*What is expected*. Restate word for word the lines below that run from the one holding "Alternate Image 1" through the one holding "Julia Scoper", inclusive. Pictures don't belong in the copy.

*Given entries*.
########

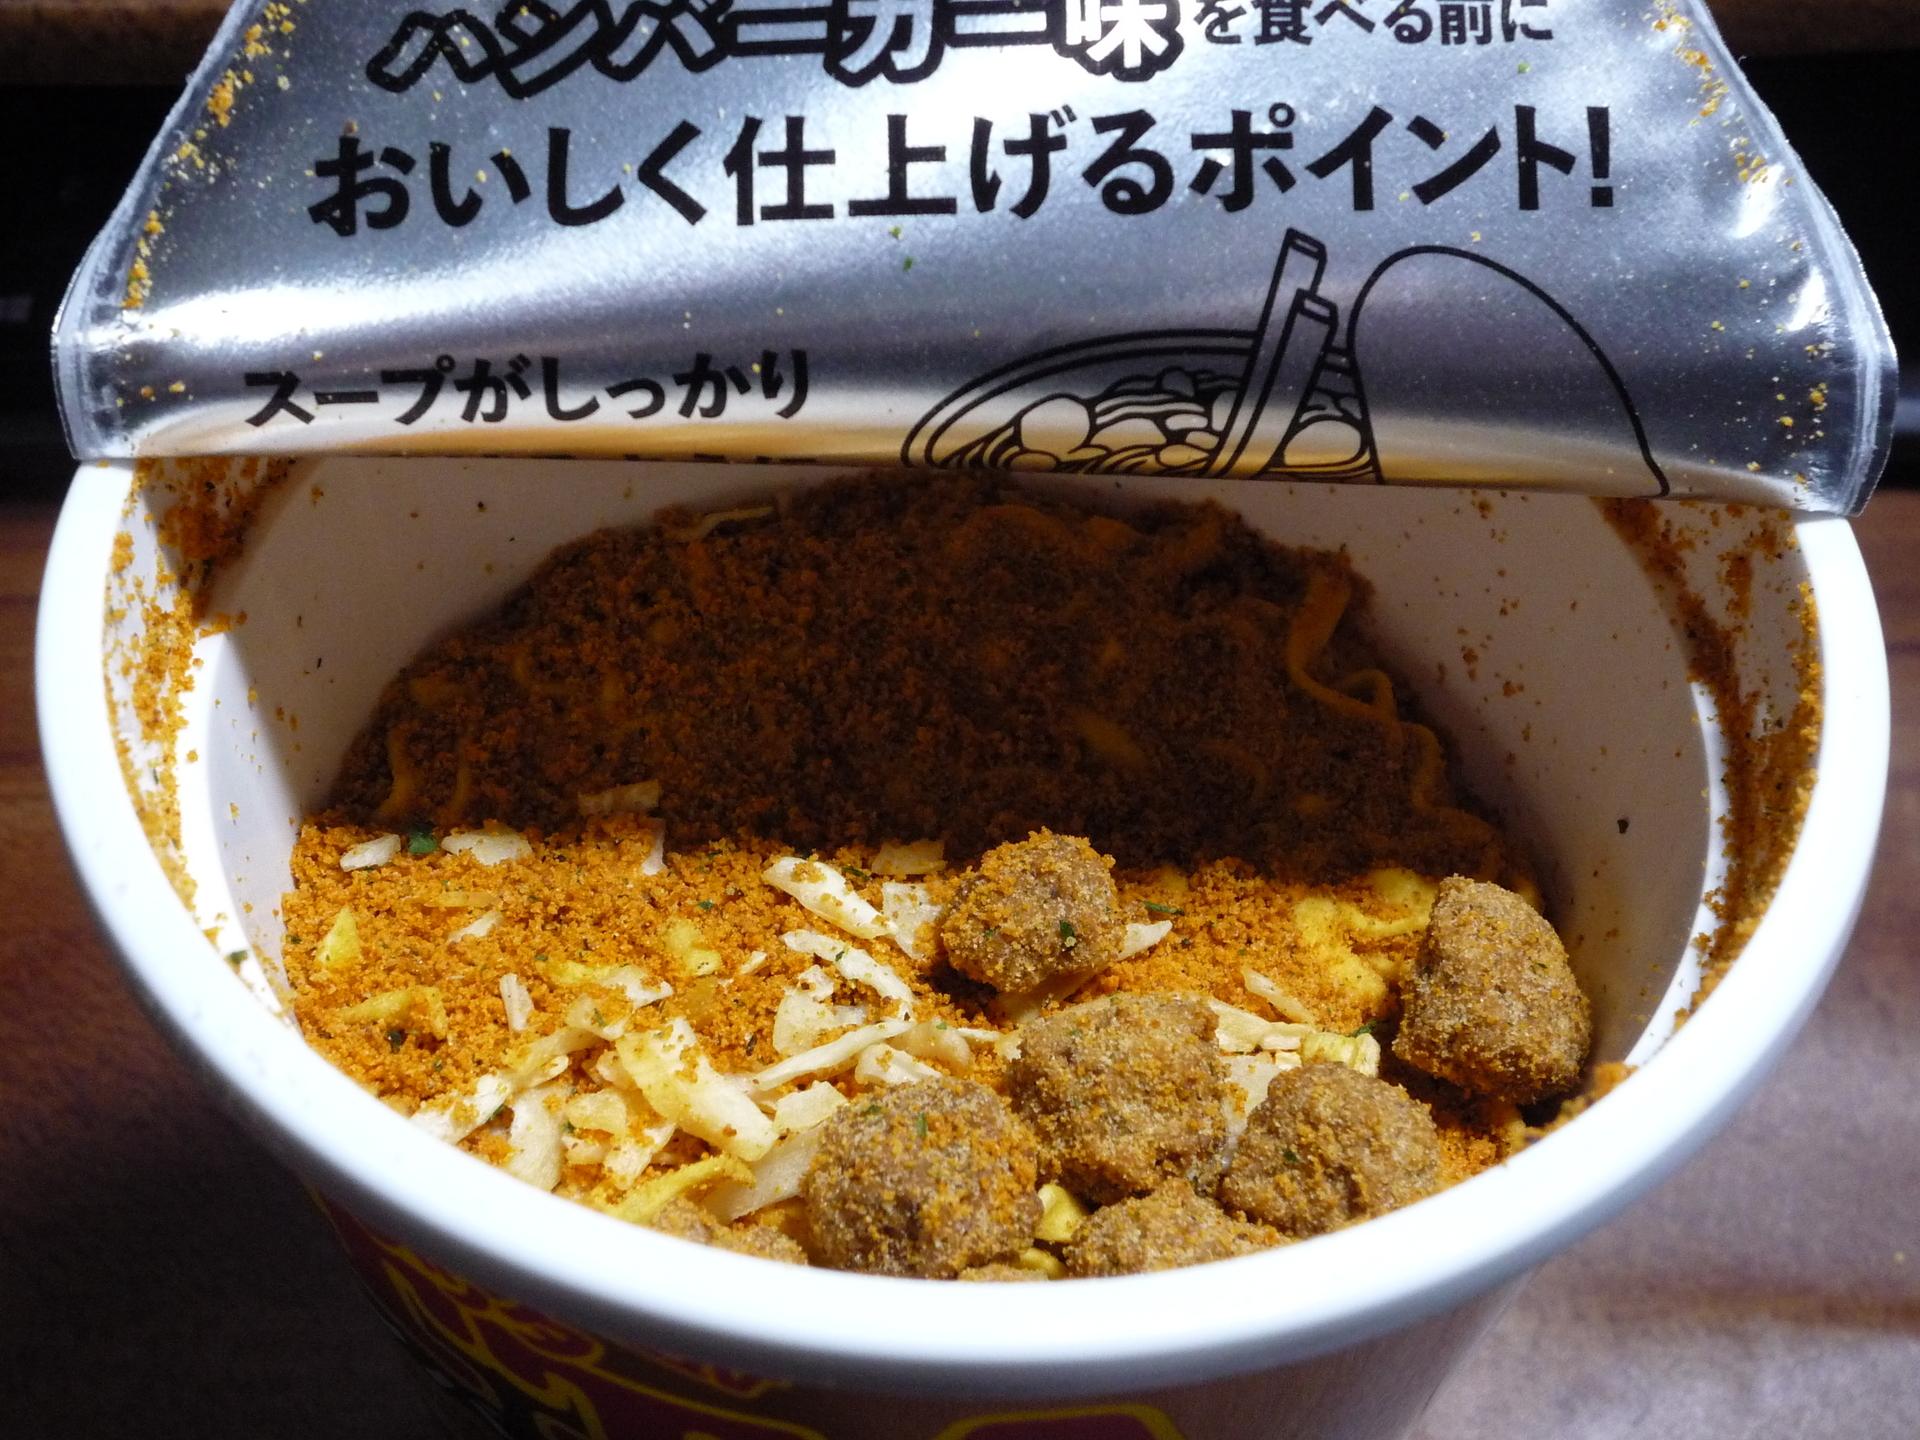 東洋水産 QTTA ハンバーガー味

########

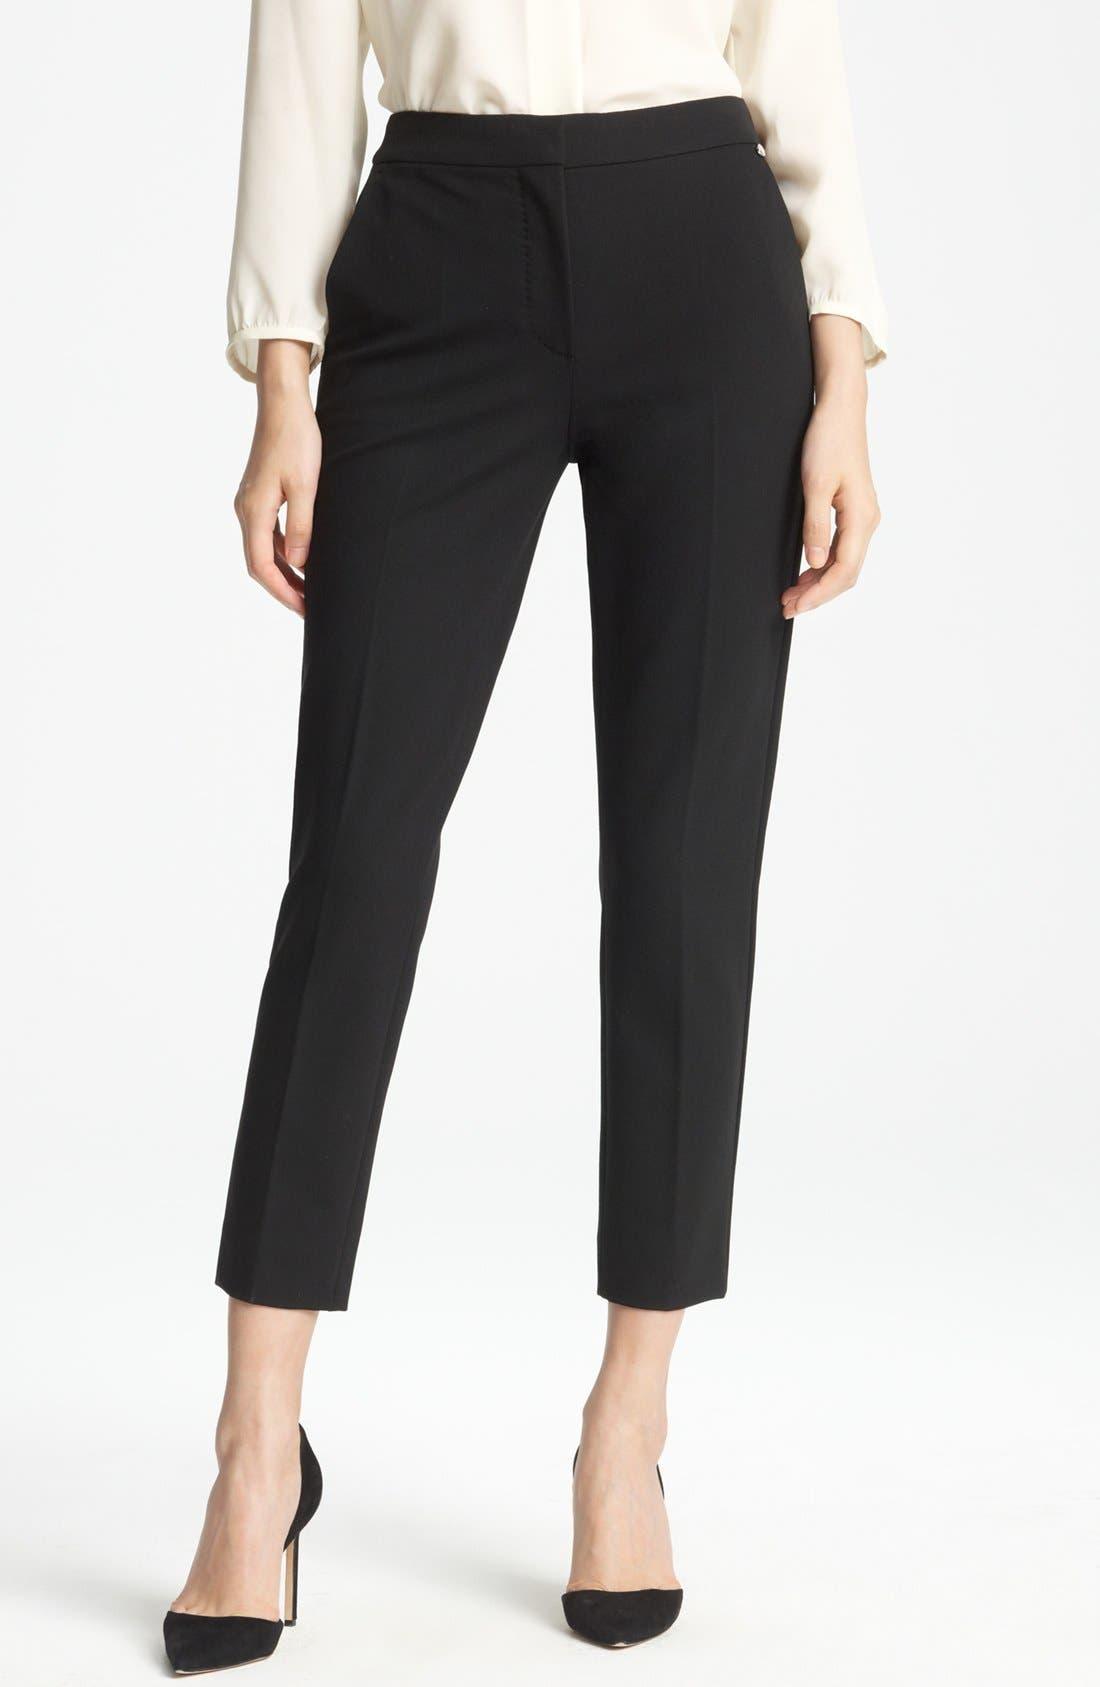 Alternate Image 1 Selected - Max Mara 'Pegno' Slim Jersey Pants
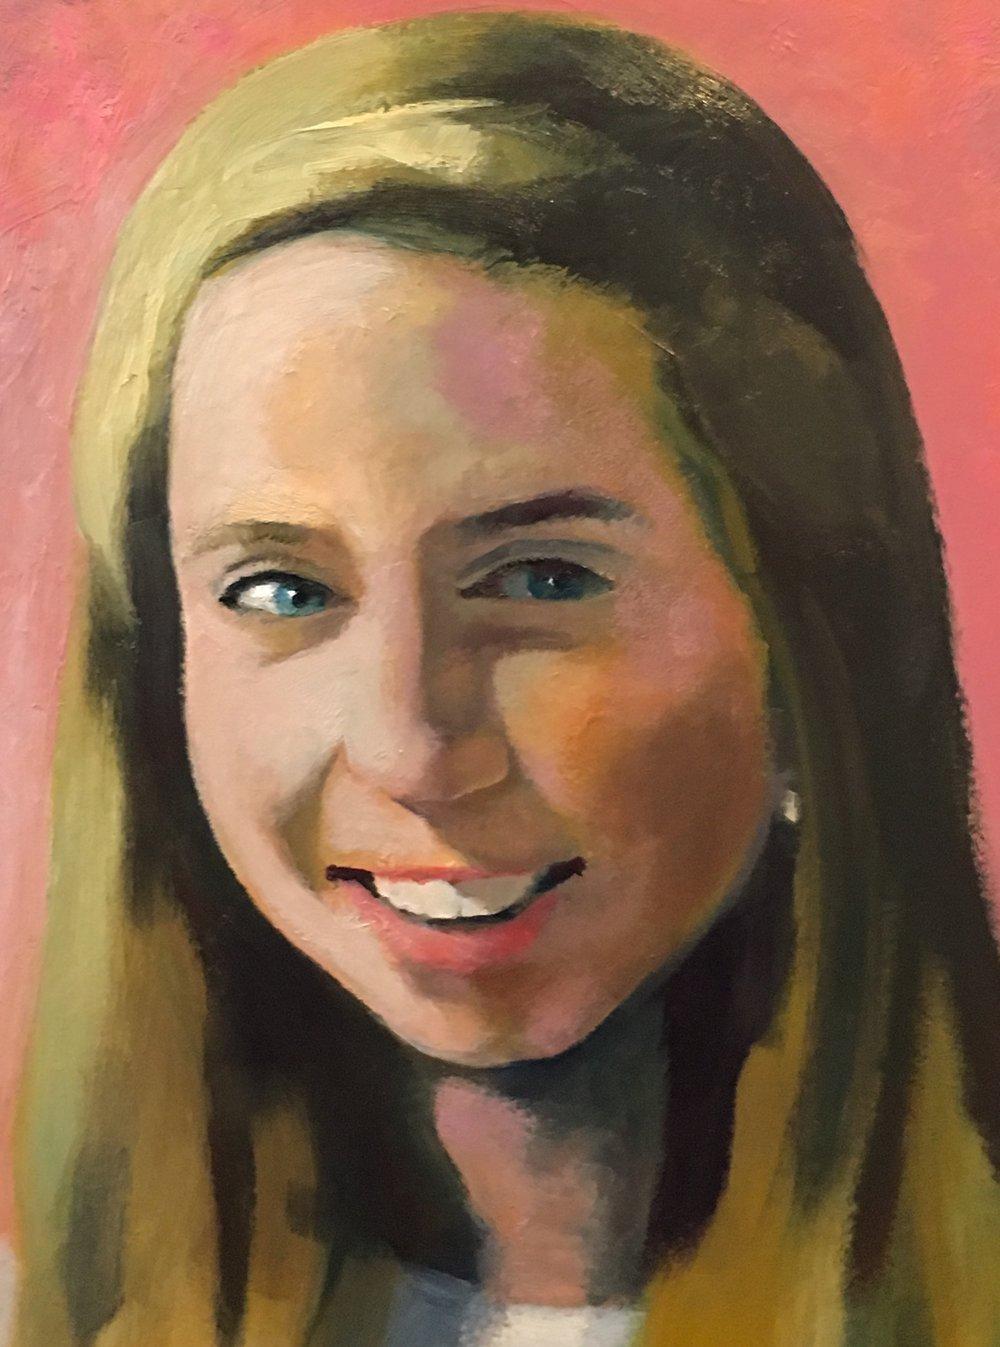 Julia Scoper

########

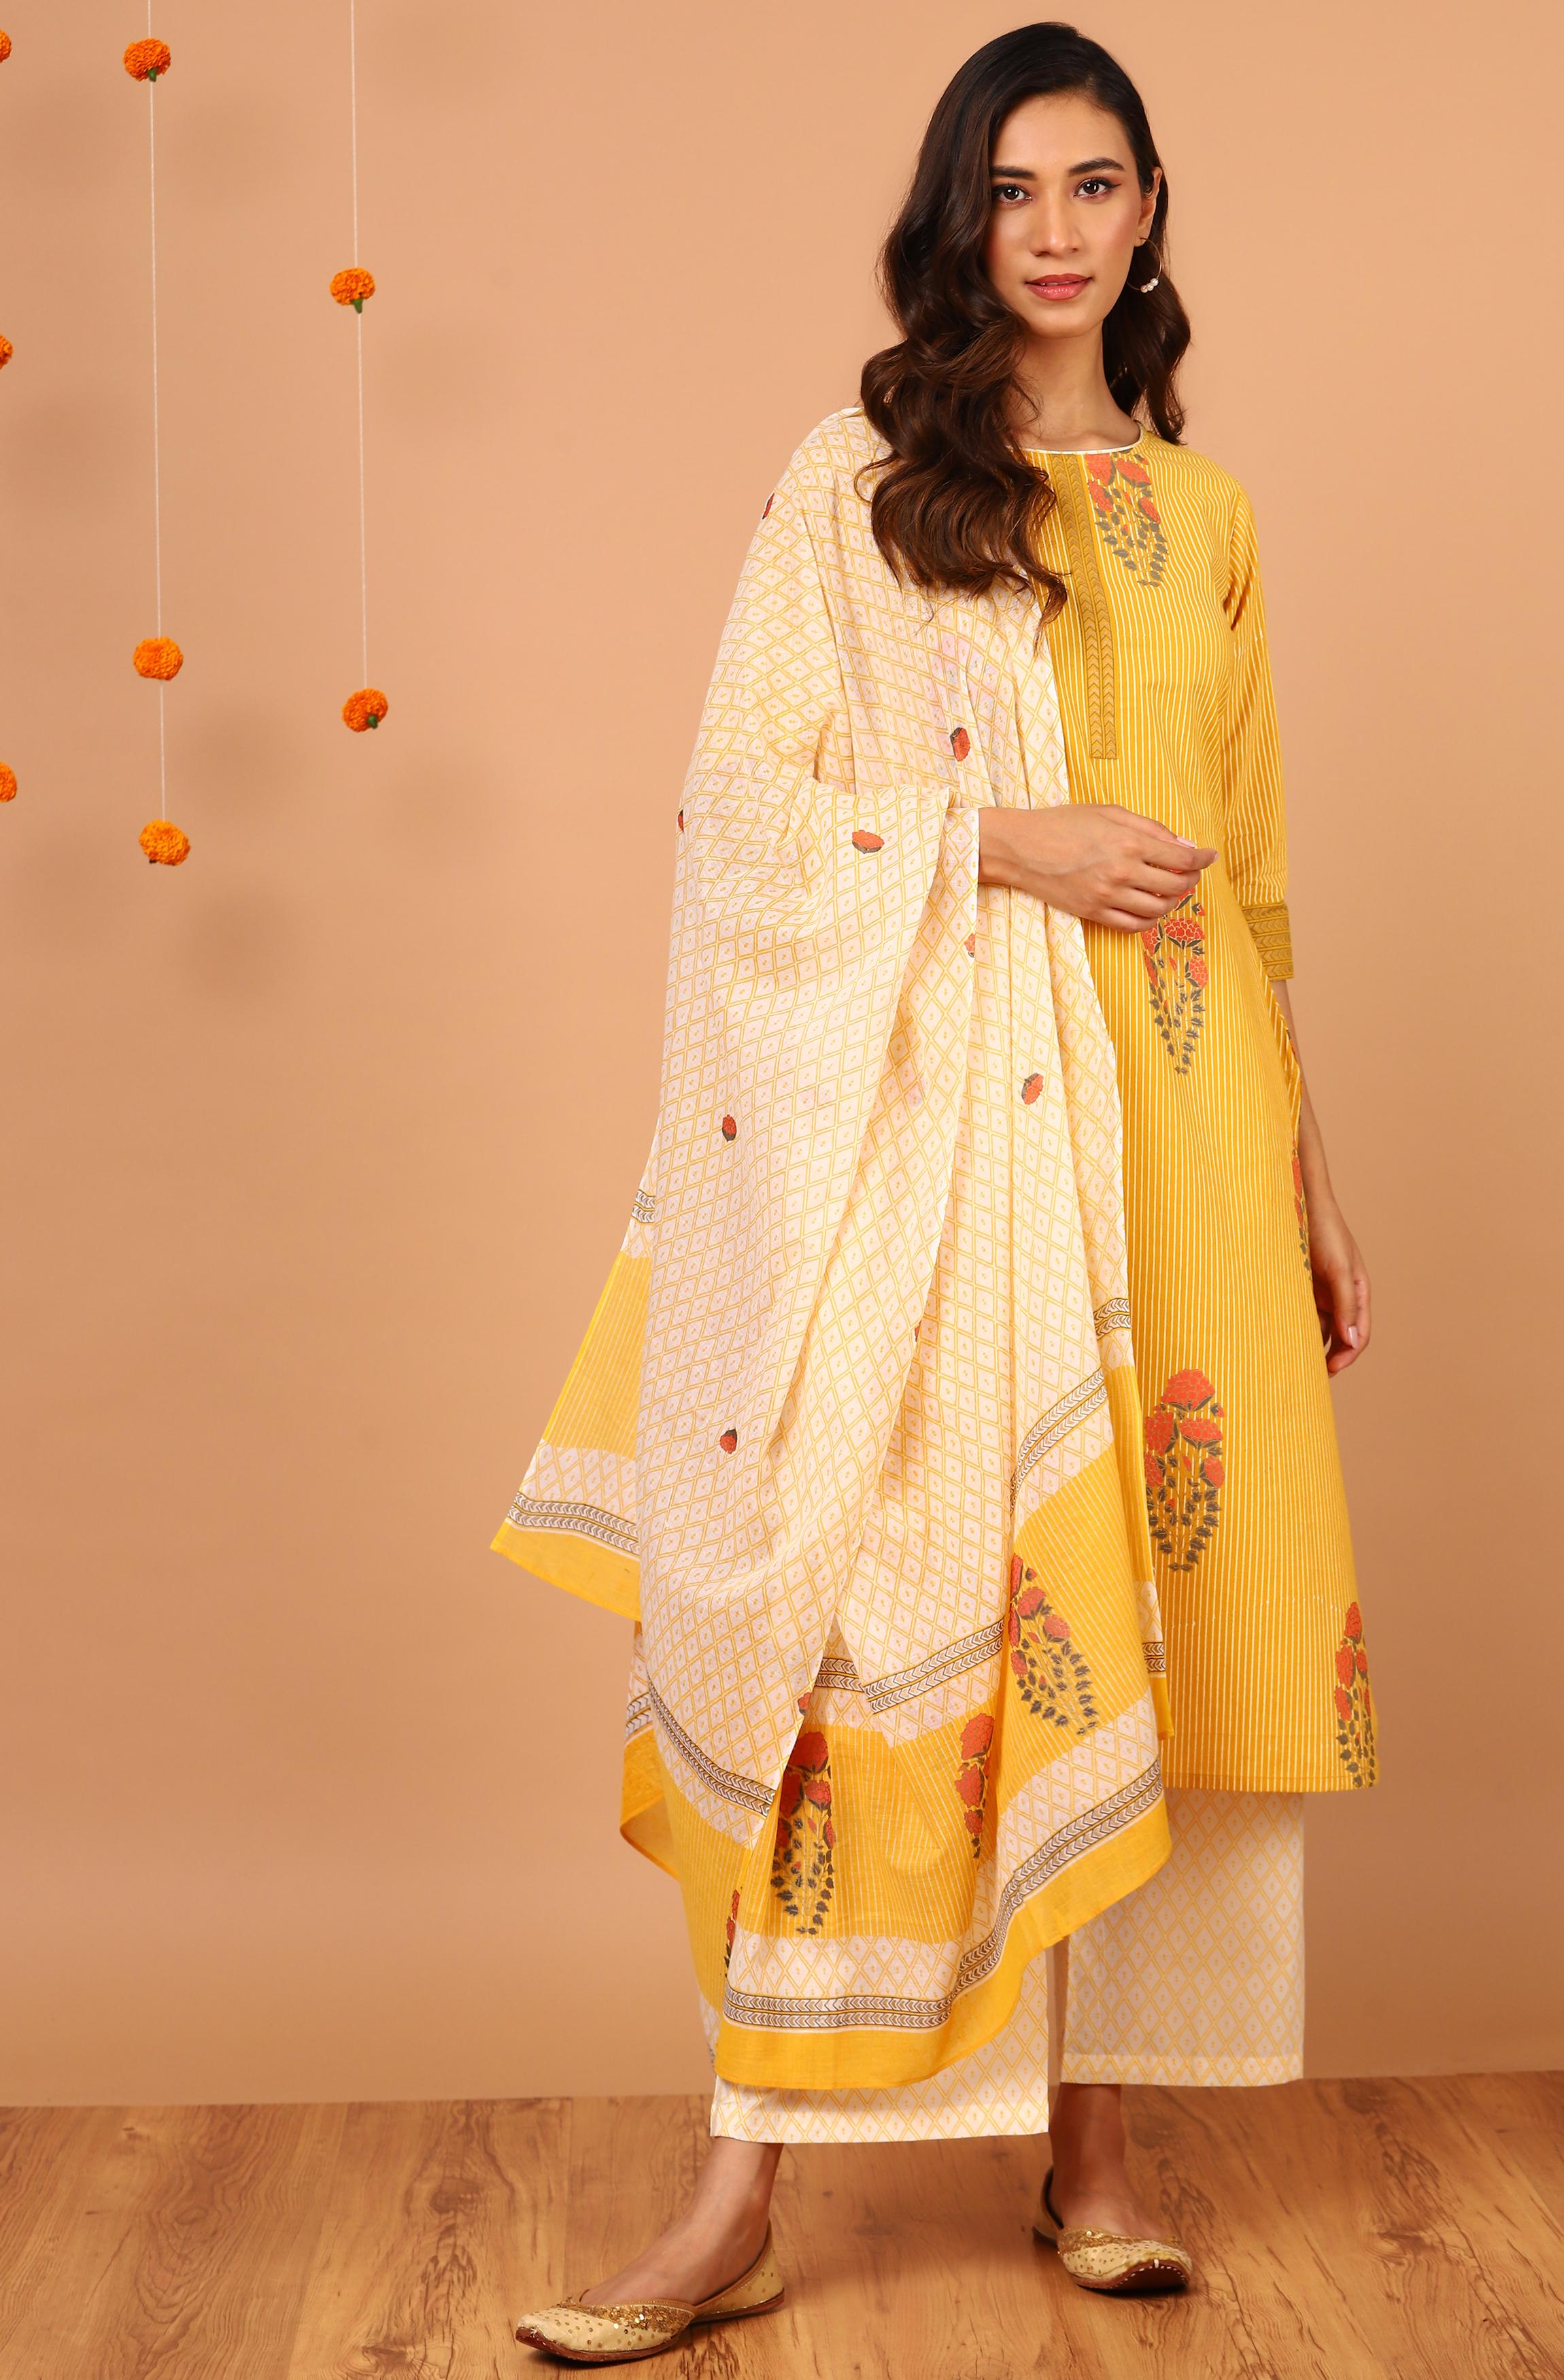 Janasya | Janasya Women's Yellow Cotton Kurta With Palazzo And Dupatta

########

*Task response*.
 Alternate Image 1 Selected - Max Mara 'Pegno' Slim Jersey Pants
 Julia Scoper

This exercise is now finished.